Turkish government using state of emergency to silence critics, shut down media: HRW


ARA News

ANKARA – Human Rights Watch (HRW) reported on Friday that the closure of eight independent news and current affairs TV channels had effectively ended critical television news reporting in Turkey.

The channels are among 23 television and radio stations which are facing closure, on the basis of a Turkish government decree.

According to HRW, this latest move to censor media exceeds any legitimate restriction justifiable on national security grounds. Turkey’s government has shuttered media outlets using the powers granted to it by the state of emergency, following the July coup attempt.

“Fears that the government would make opportunistic use of the state of emergency to silence critics who have nothing to do with the July 15 coup attempt have come true,” said Emma Sinclair-Webb, the Turkey Director at HRW.
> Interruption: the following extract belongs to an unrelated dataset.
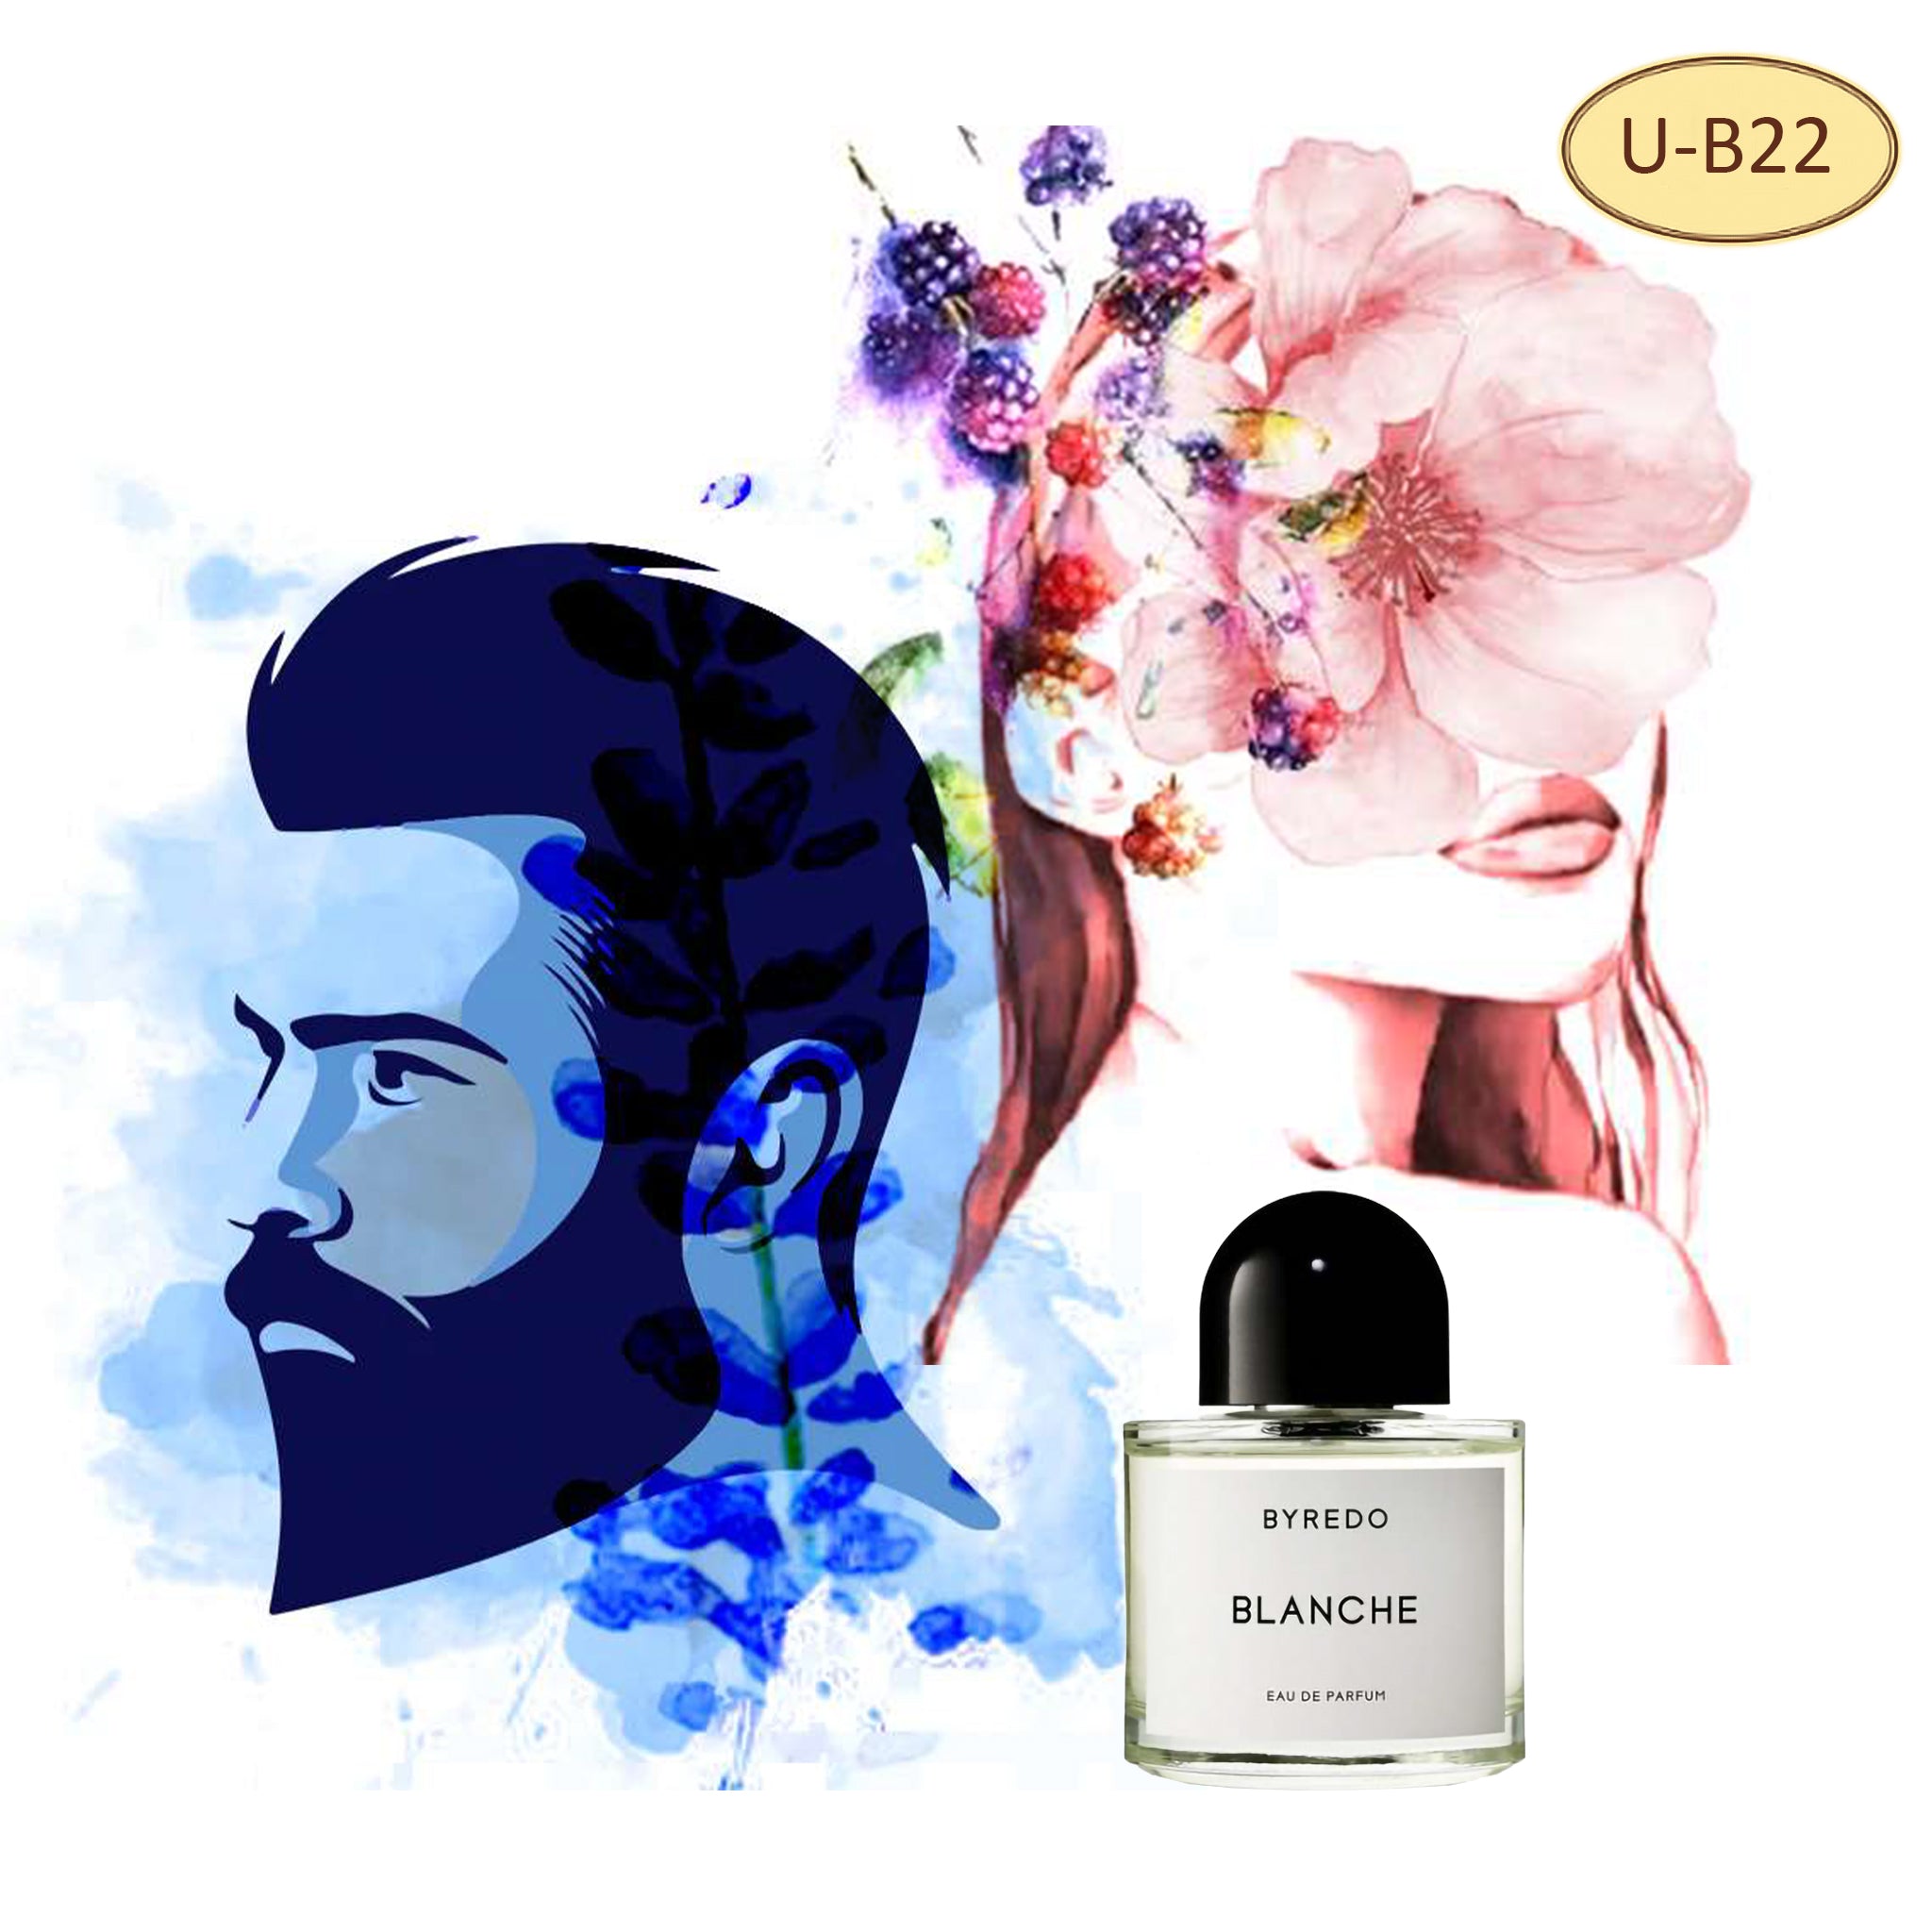 Designer perfumes & fragrances ⋅ Maison Francis Kurkdjian

“This week’s closure of TV and radio channels popular with Kurds, the Alevi religious minority, and supporters of opposition parties takes Turkey back to the old days and shows that the government wants no version of the news on television or radio other than its own,” she added.

On September 28, the state-run Anatolian Agency reported that 23 television and radio stations were to be shut down completely. The most prominent of these stations is the news and current affairs-focused İMC TV. İMC TV had already been removed from the state-owned Türksat satellite distribution platform in February, severely cutting its ratings.

A July decree ordered the closure of 131 Turkish media and publishing outlets. Over the past few days, officials from the Turkish Radio Television Supreme Council, accompanied by police, forcibly closed 5 more news channels which were partly broadcasting in Kurdish (Özgür Gün TV, Azadi TV, Jiyan TV, Van TV, and Denge TV). The children’s Kurdish-language channel Zarok TV was also closed.

“IMC TV is the most prominent news channel among those closed down and has played an important role in covering news of [the] conflict in the southeast and the deterioration of human rights in Turkey more generally,” Sinclair-Webb said. “Closing down media is censorship and deprives the public of access to information about critical developments in Turkey […].”